• [SUPPLIED DATA]:
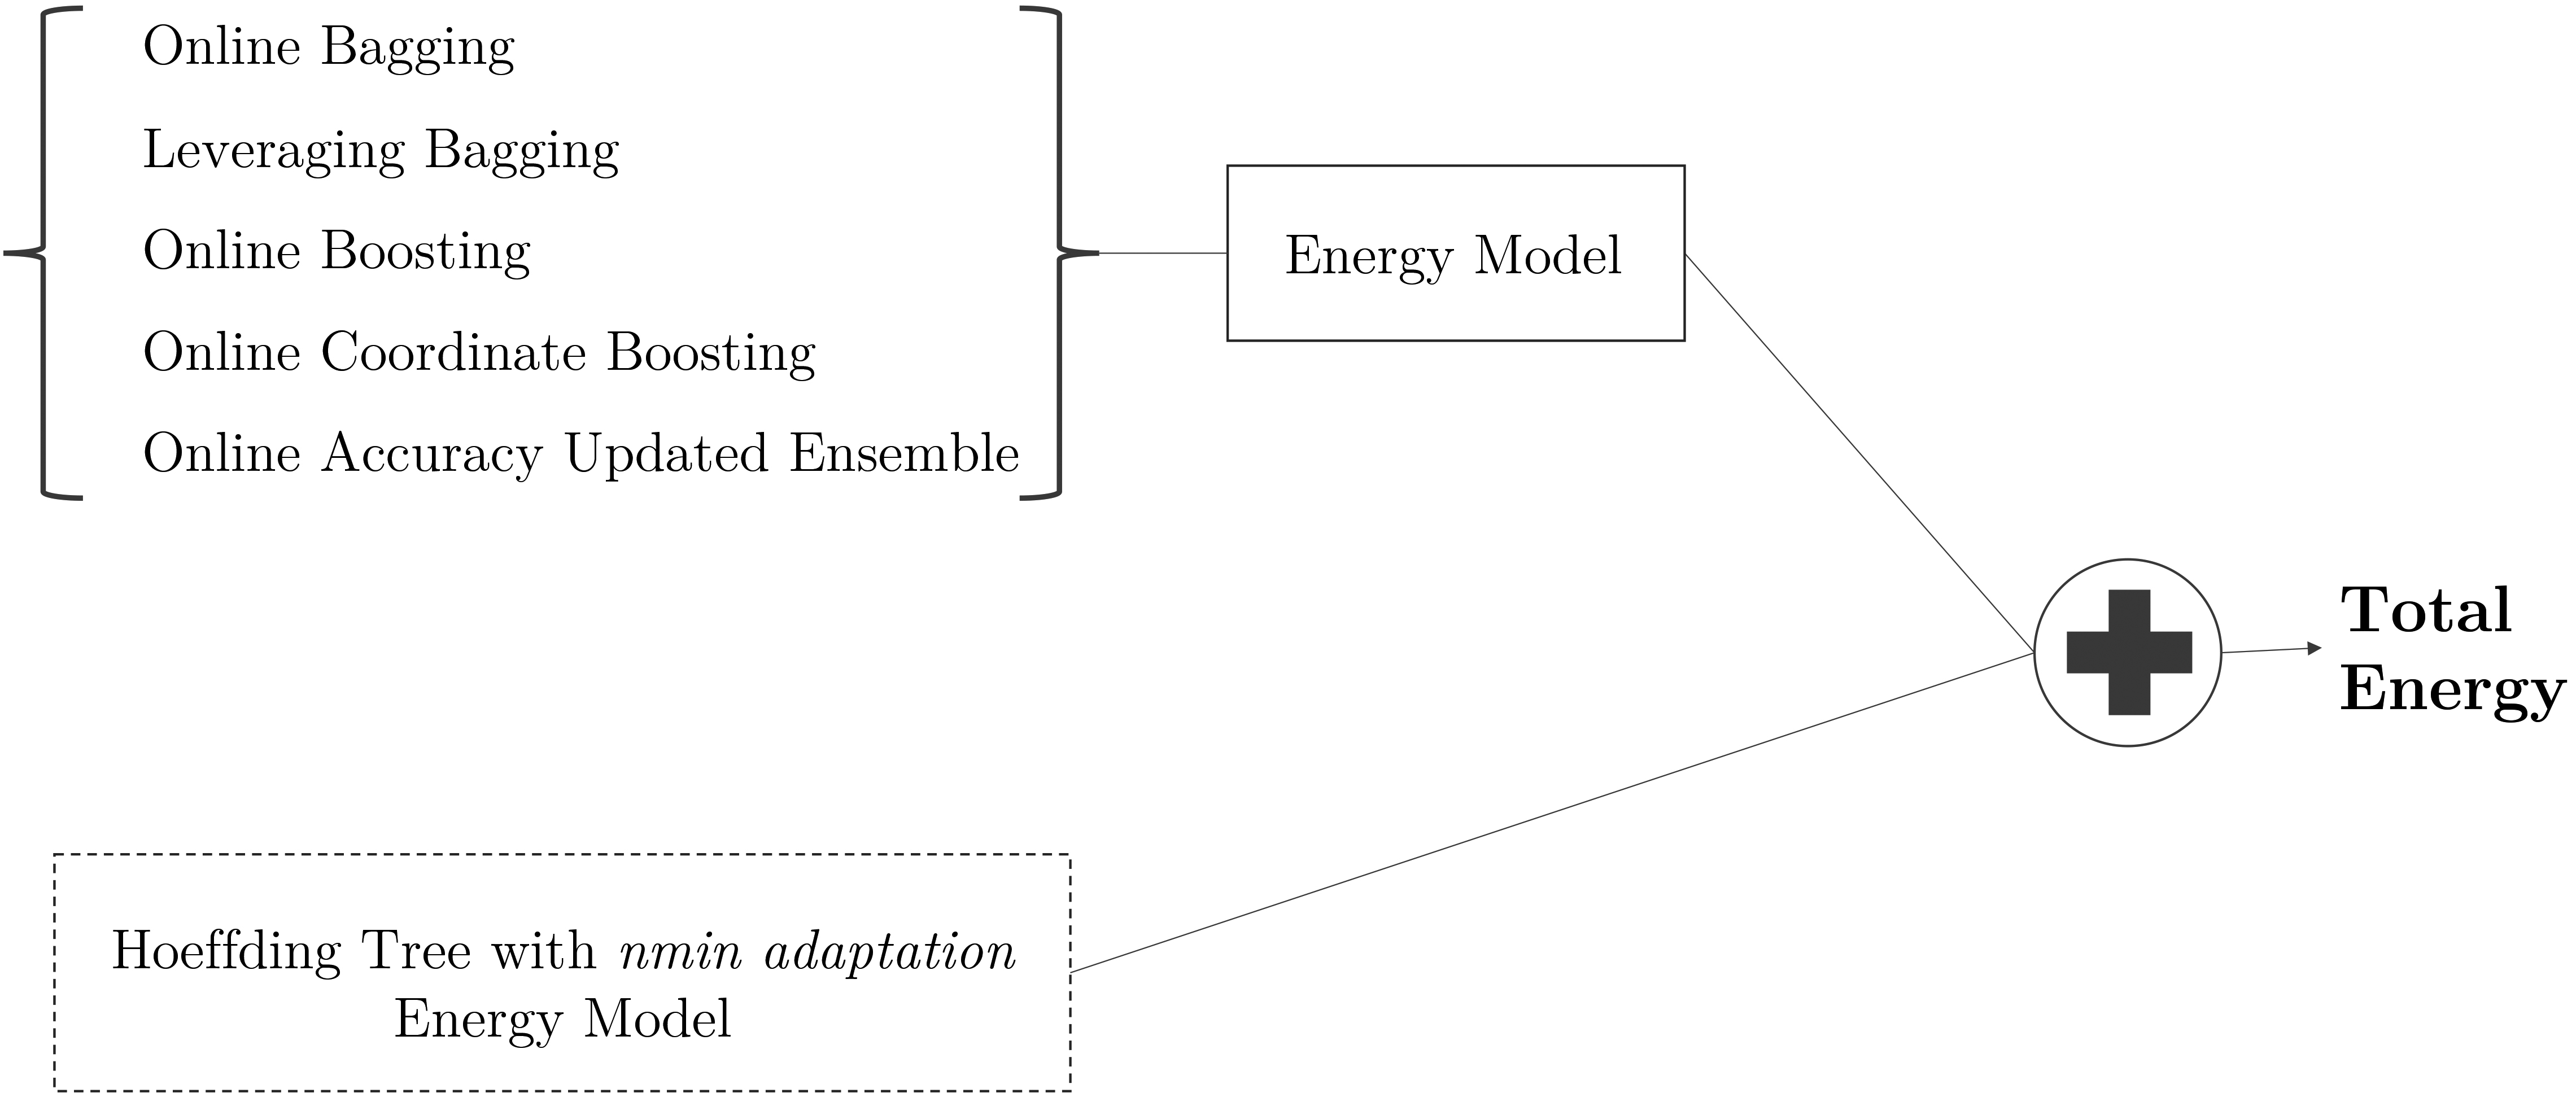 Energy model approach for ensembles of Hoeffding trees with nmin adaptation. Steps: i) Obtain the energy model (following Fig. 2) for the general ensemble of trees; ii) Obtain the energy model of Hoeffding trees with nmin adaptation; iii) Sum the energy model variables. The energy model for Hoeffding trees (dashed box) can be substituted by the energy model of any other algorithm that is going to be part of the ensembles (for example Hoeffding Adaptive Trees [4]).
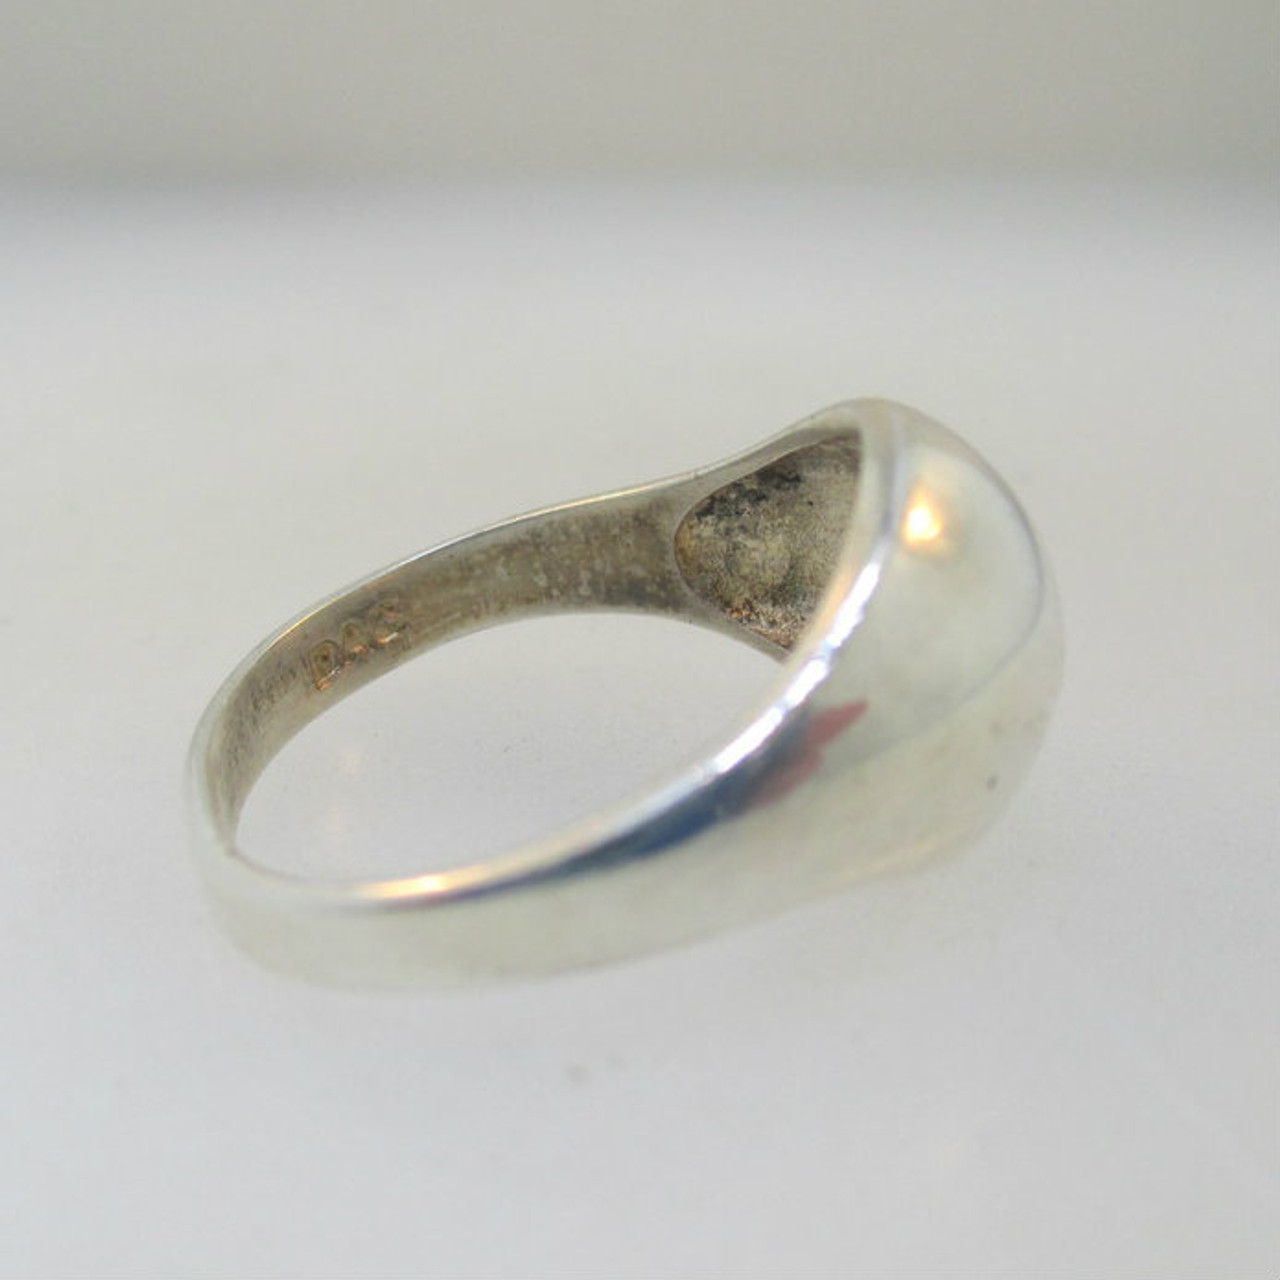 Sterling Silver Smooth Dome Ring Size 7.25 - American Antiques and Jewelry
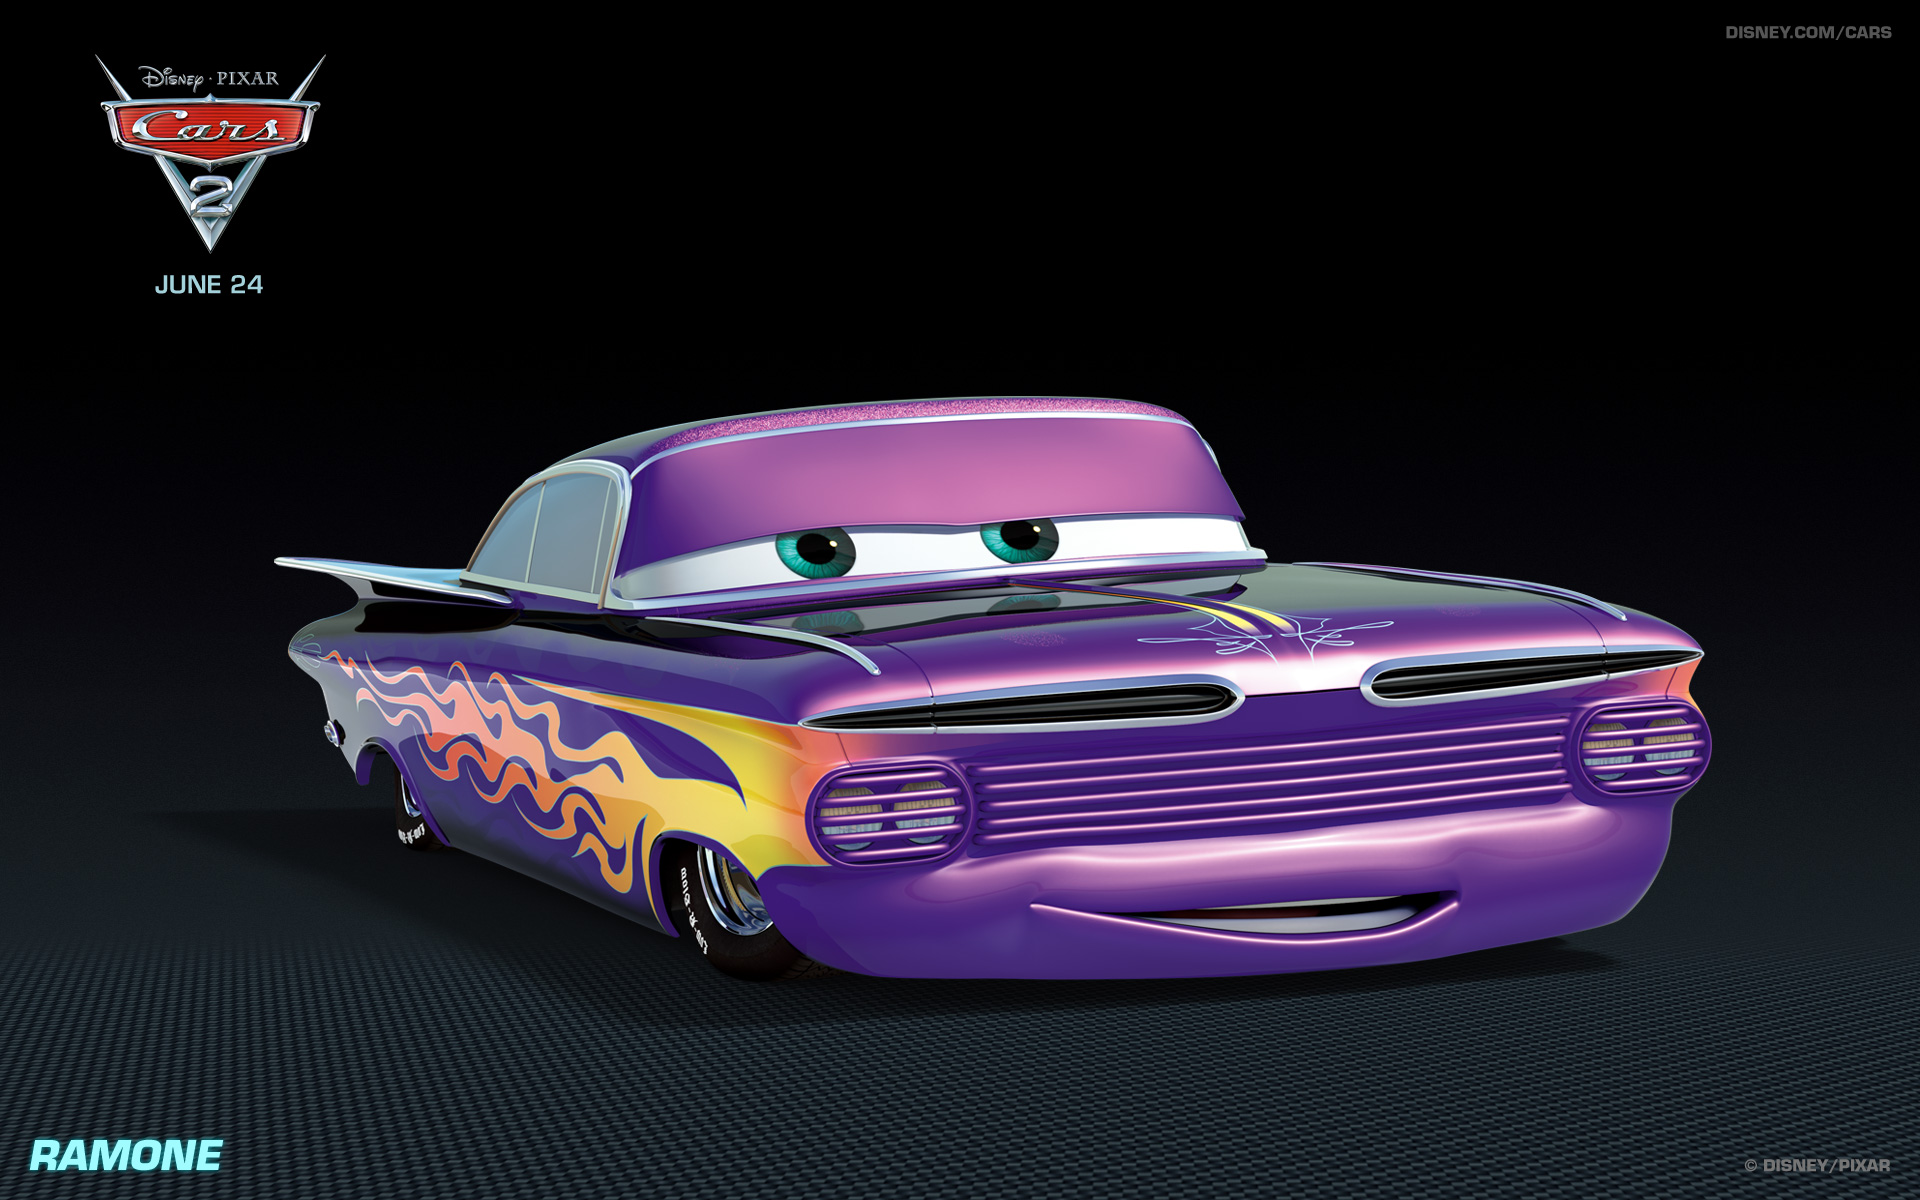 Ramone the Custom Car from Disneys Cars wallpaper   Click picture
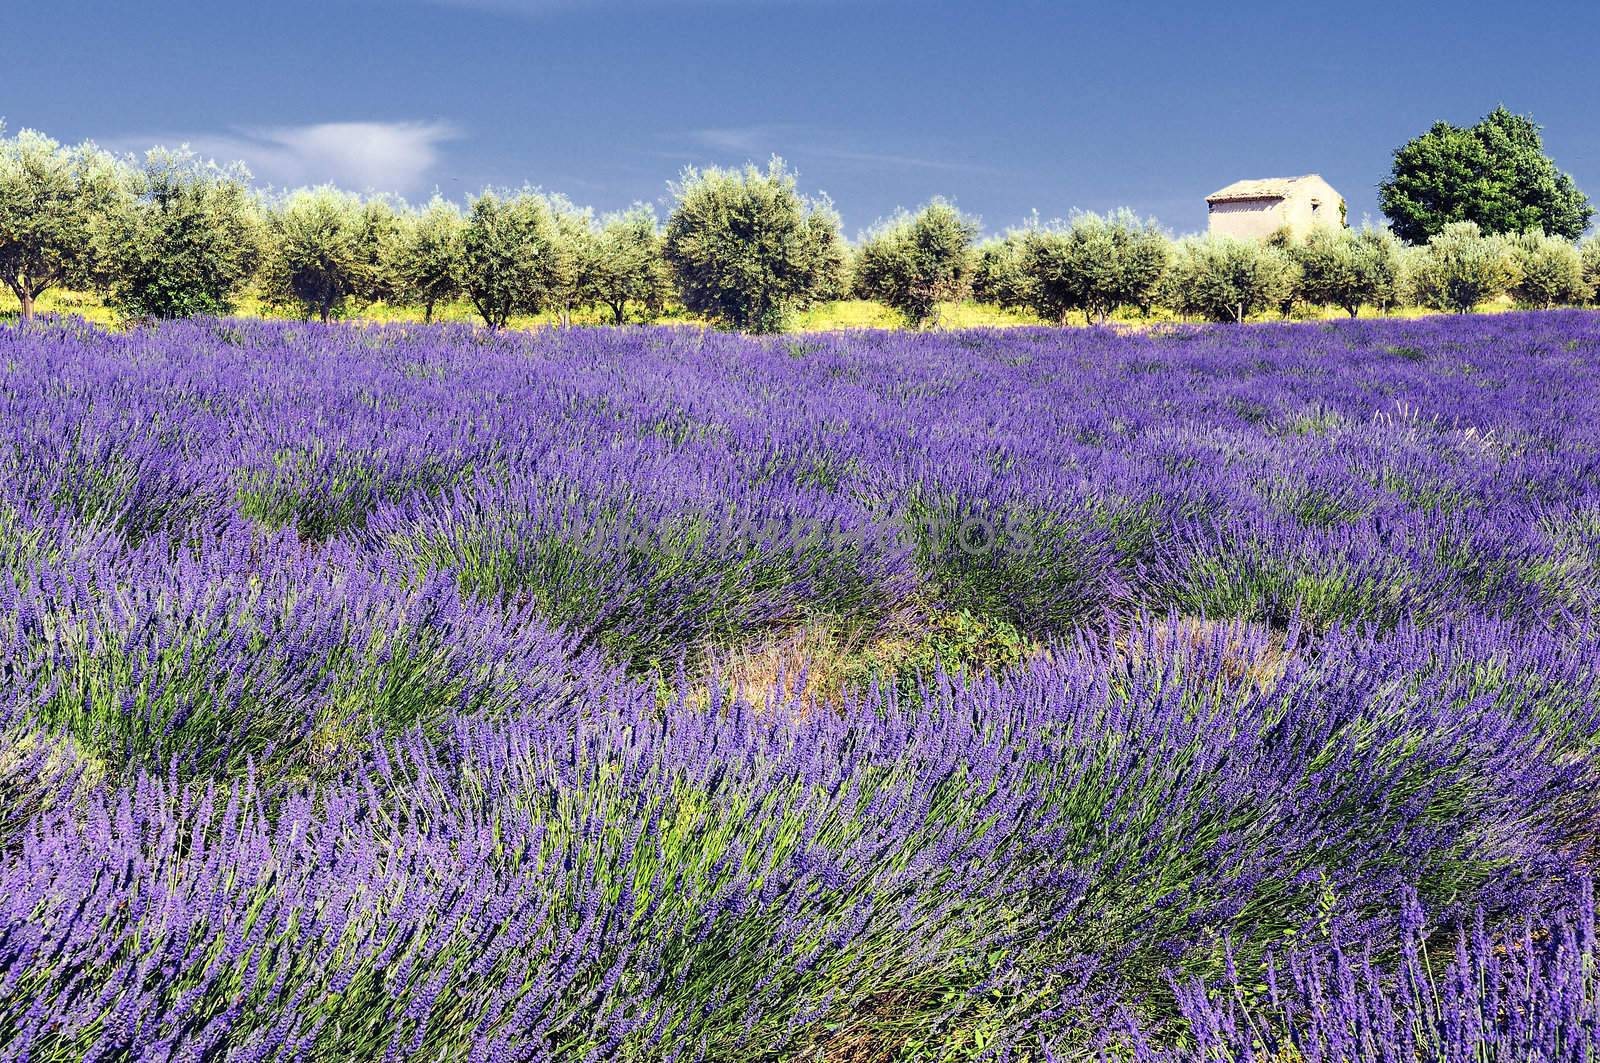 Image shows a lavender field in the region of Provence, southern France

• [TASK DESCRIPTION]: Give the listing again word for word. Skip every image.

• [ANSWER SPACE]:
 Energy model approach for ensembles of Hoeffding trees with nmin adaptation. Steps: i) Obtain the energy model (following Fig. 2) for the general ensemble of trees; ii) Obtain the energy model of Hoeffding trees with nmin adaptation; iii) Sum the energy model variables. The energy model for Hoeffding trees (dashed box) can be substituted by the energy model of any other algorithm that is going to be part of the ensembles (for example Hoeffding Adaptive Trees [4]).
 Sterling Silver Smooth Dome Ring Size 7.25 - American Antiques and Jewelry
 Ramone the Custom Car from Disneys Cars wallpaper   Click picture
 Image shows a lavender field in the region of Provence, southern France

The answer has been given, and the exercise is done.